Deprecated
This page is deprecated and may contain information that is no longer up to date.
Checksums¶
Summary¶
Files stored on tape always have an ADLER32 checksum.
This checksum should be created by the client software, before the file is transferred to the EOSCTA endpoint. This provides a complete end-to-end integrity check from file creation to storage on tape media.
If a file is transferred to the EOSCTA endpoint without an ADLER32 checksum, it will be calculated by EOS and added to the file metadata. In this case, EOSCTA can only check the integrity of the final part of the transfer, between the EOS disk cache and CTA (tape).

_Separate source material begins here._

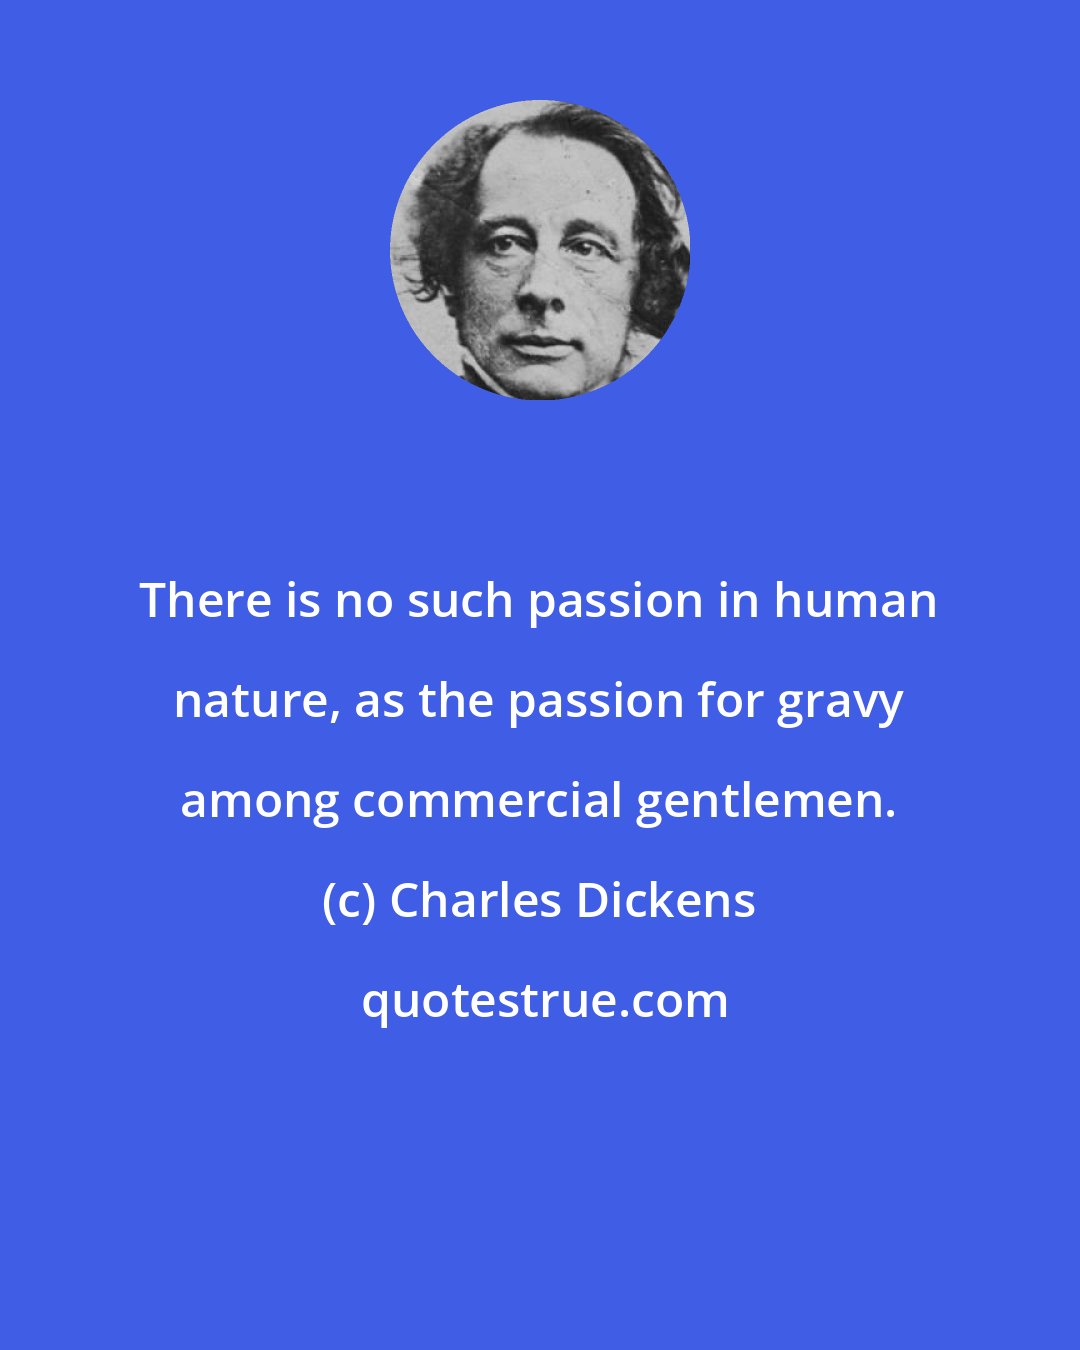 Charles Dickens: There is no such passion in human nature, as the passion for gravy among commercial gentlemen.

It is strongly recommended that an ADLER32 checksum should be provided for all files prior to transfer into EOSCTA. If not, it is the responsibility of the client software to verify the integrity of the transfer between the point of file creation and the EOSCTA endpoint.
Technical Details (EOS)¶
At the time of writing, EOS supports the following checksum types:
- ADLER32
- CRC32
- CRC32C
- CRC64
- MD5 hash
- SHA1 hash
- SHA256 hash
- XXH64 hash
As described below, CTA only supports verification of ADLER32 checksums. If another checksum type is provided, CTA will store its value but will not verify that it is correct. EOS and CTA can store multiple checksums of different types for a single file.
The EOSCTA endpoint should be configured to automatically calculate ADLER32 checksums if they are not provided by the client. The target directory in EOS must therefore have the following extended attribute set:
Technical Details (CTA)¶
All files stored on tape must have an ADLER32 checksum. There are two reasons for this:
- CASTOR used ADLER32 checksums exclusively. CTA is designed to allow the seamless migration of CASTOR files so the same checksum format is supported by default.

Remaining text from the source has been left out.